▶ [Dataset entries]:
━━━━━━━━━━━━━━━━
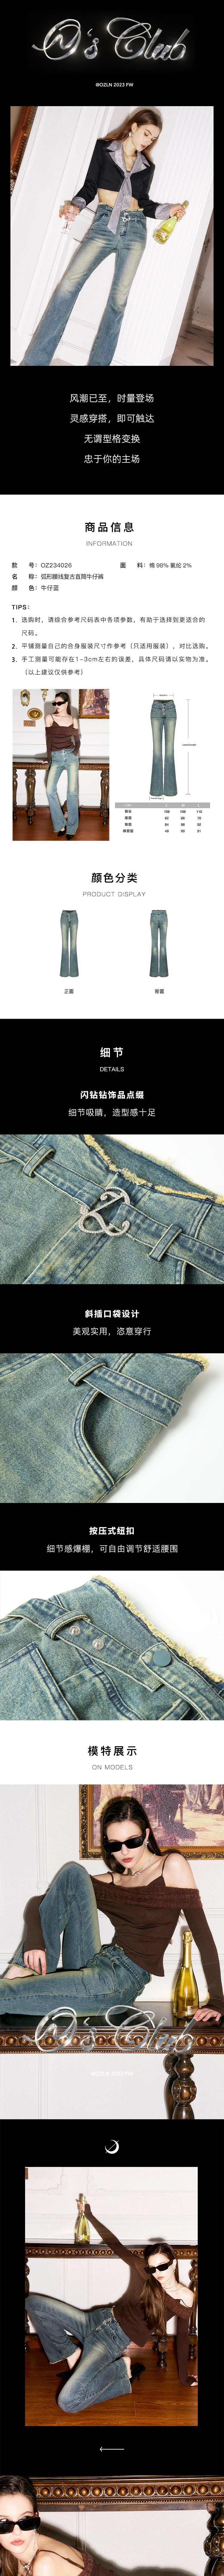 【中国直邮】OZLN 早秋新品弧形腰线经典复古高腰修身显瘦直筒牛仔裤 S
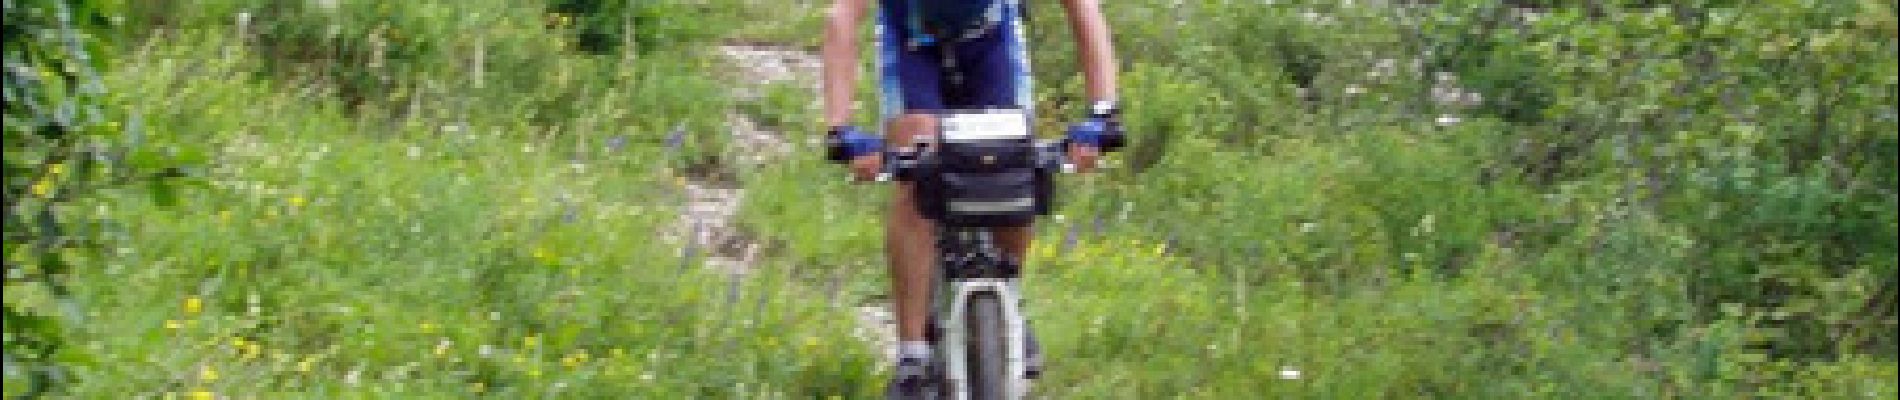 Percorso Mountainbike Le Bourg-d'Oisans - Tour VTT intégral du Parc National des Ecrins en 9 jours - Photo
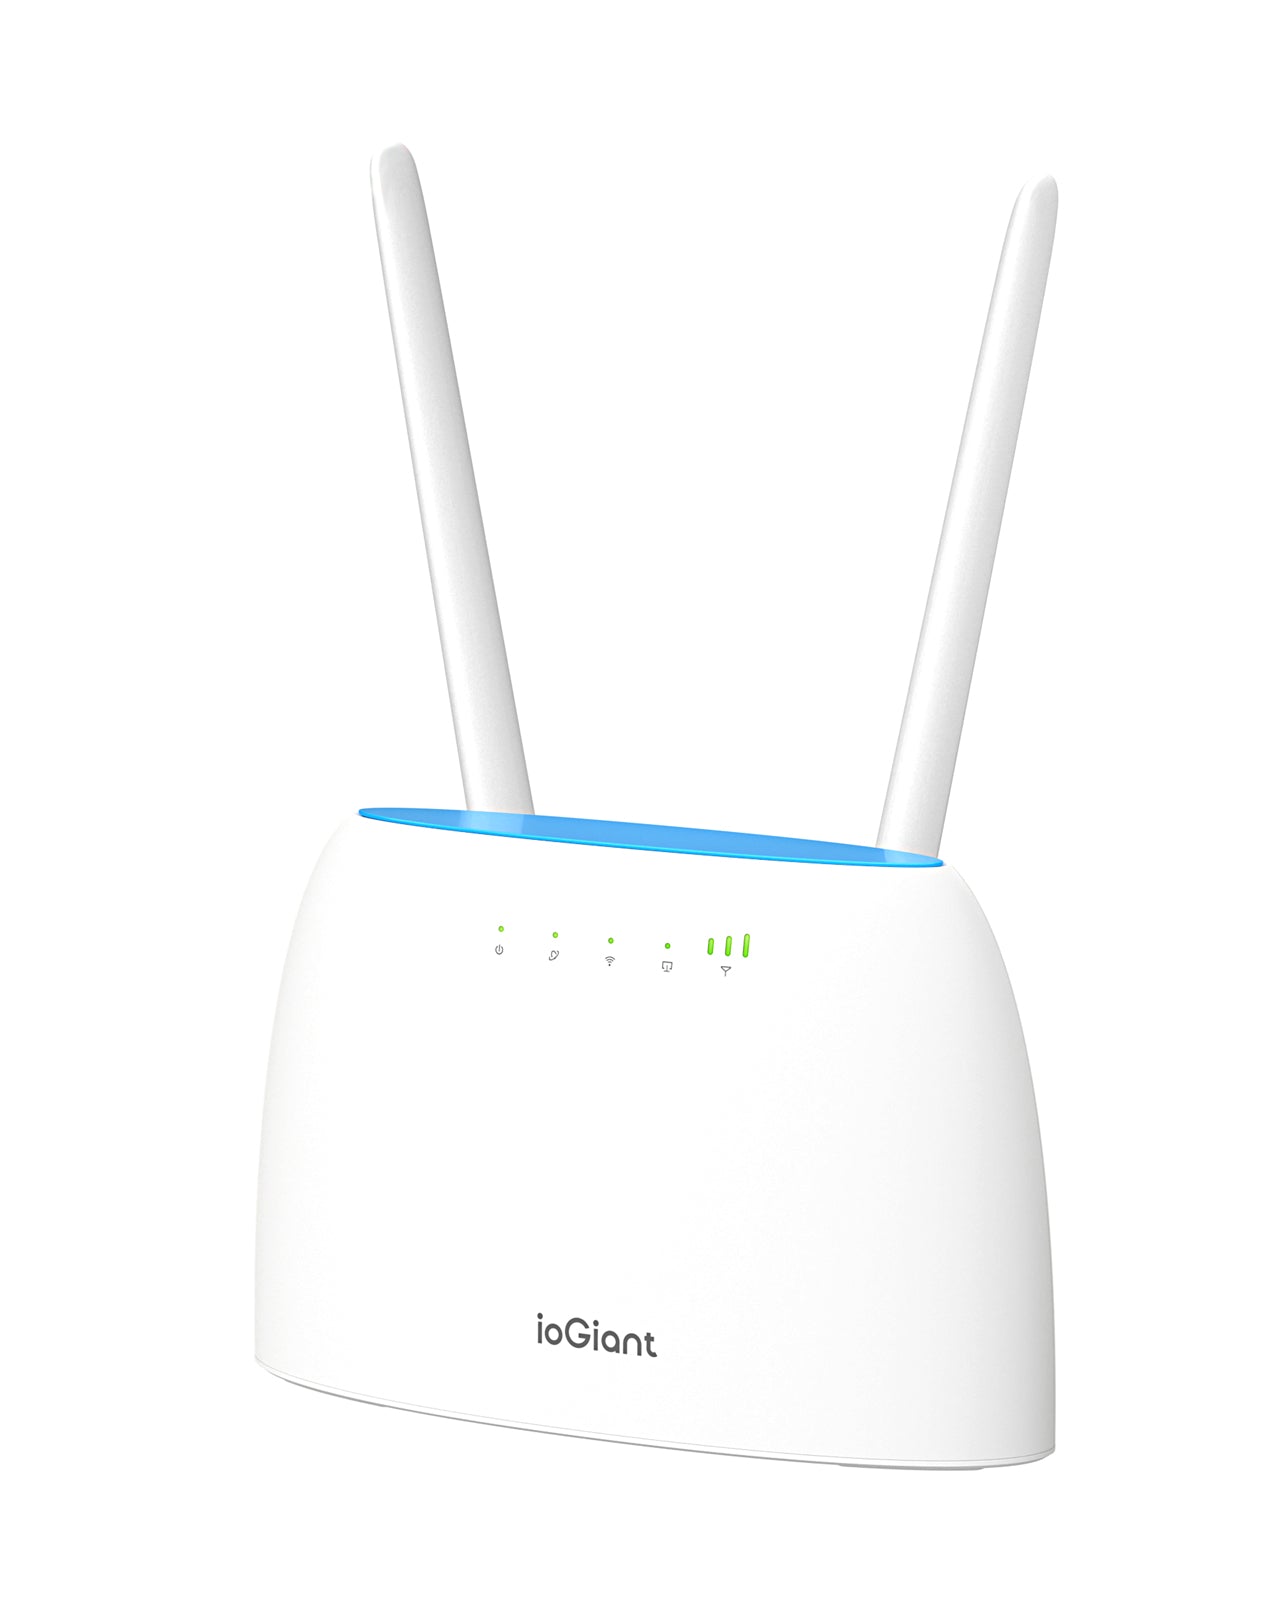 Routeur WiFi Modem 4G Avec Carte SIM,2.4GHz 150Mbps Point d'accès
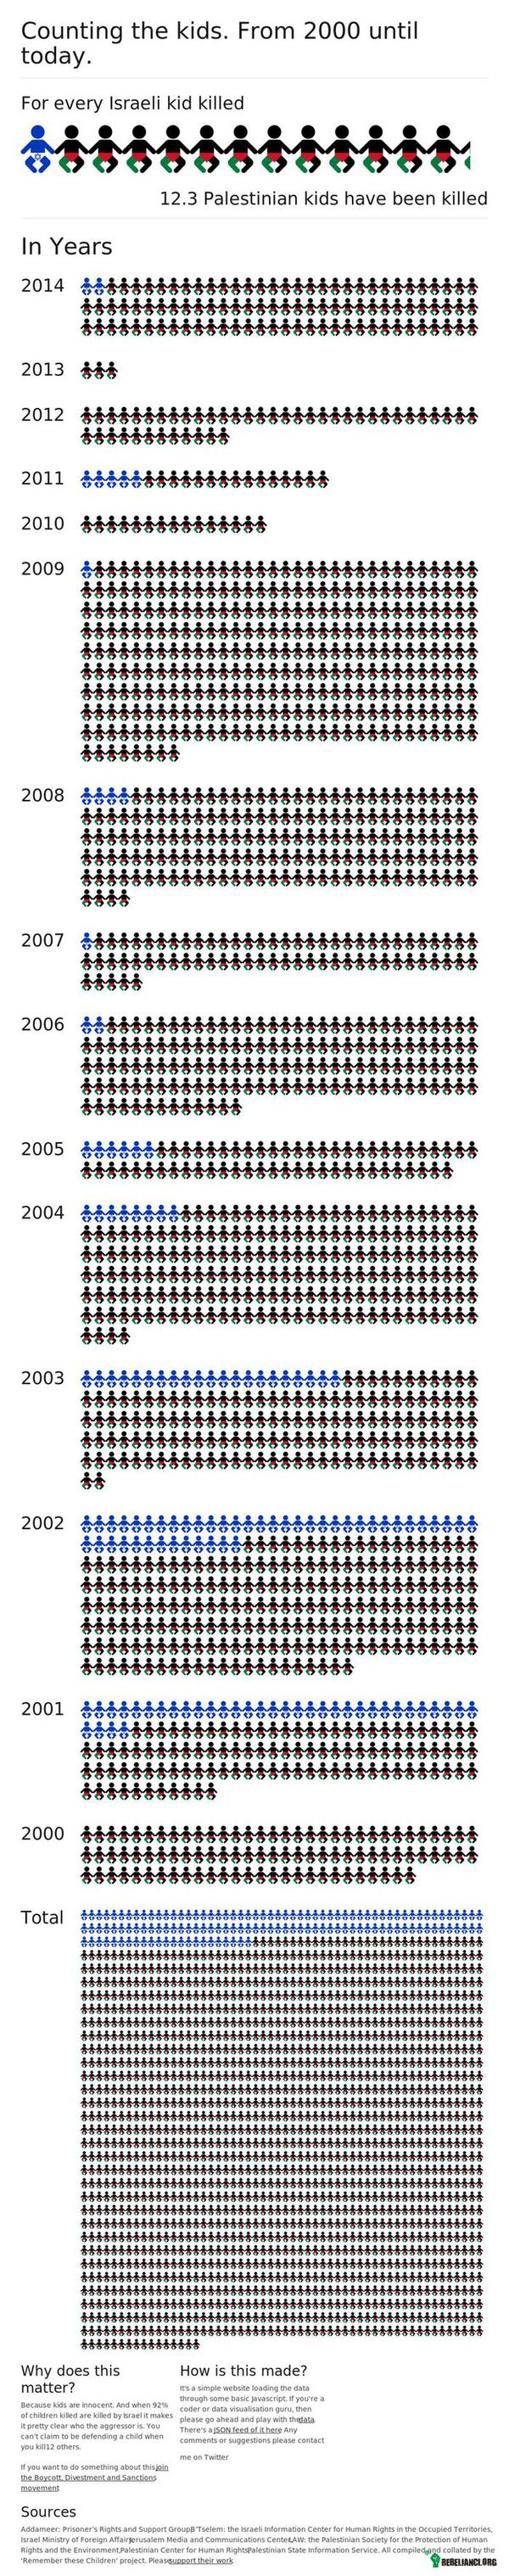 Ilość zabitych dzieci w trakcie konfliktu Izrael-Palestyna –  
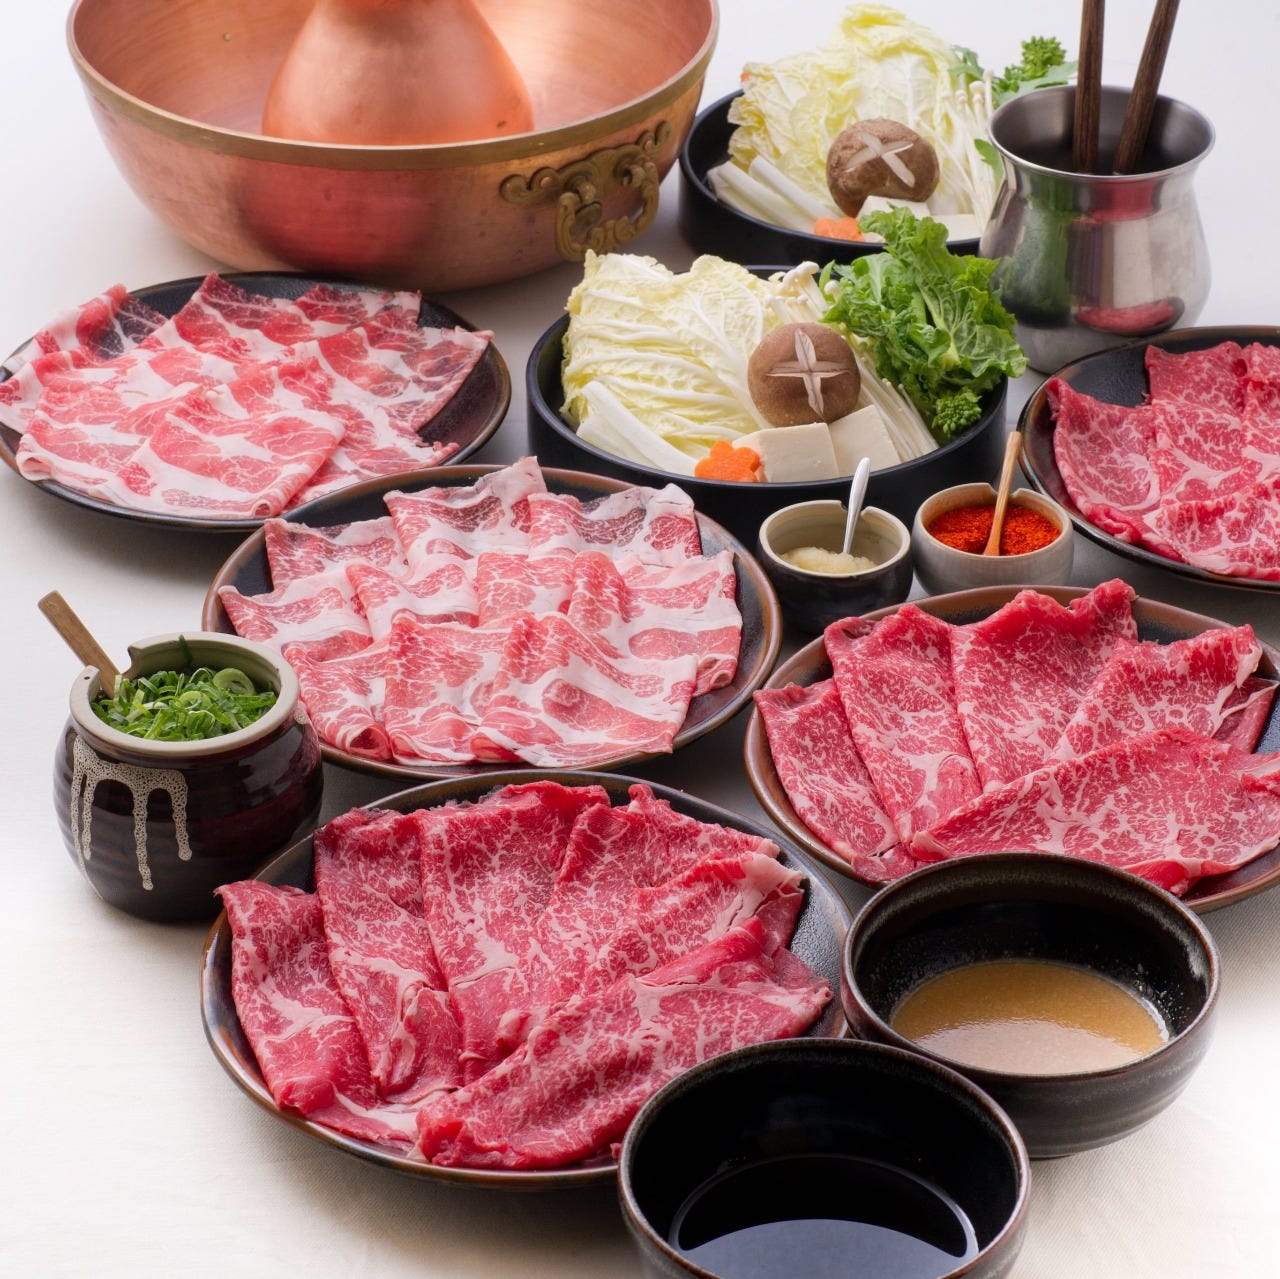 【食べ放題】
牛肉、豚肉、野菜それぞれ1皿から追加できます。
━━━━━━━━━━━━━━━━
▶ [Prompt]: All of the entries above should be copied exactly, with the images left out.

▶ [Problem solution]:
 【中国直邮】OZLN 早秋新品弧形腰线经典复古高腰修身显瘦直筒牛仔裤 S
 Percorso Mountainbike Le Bourg-d'Oisans - Tour VTT intégral du Parc National des Ecrins en 9 jours - Photo
 Routeur WiFi Modem 4G Avec Carte SIM,2.4GHz 150Mbps Point d'accès
 Ilość zabitych dzieci w trakcie konfliktu Izrael-Palestyna –  
 【食べ放題】
牛肉、豚肉、野菜それぞれ1皿から追加できます。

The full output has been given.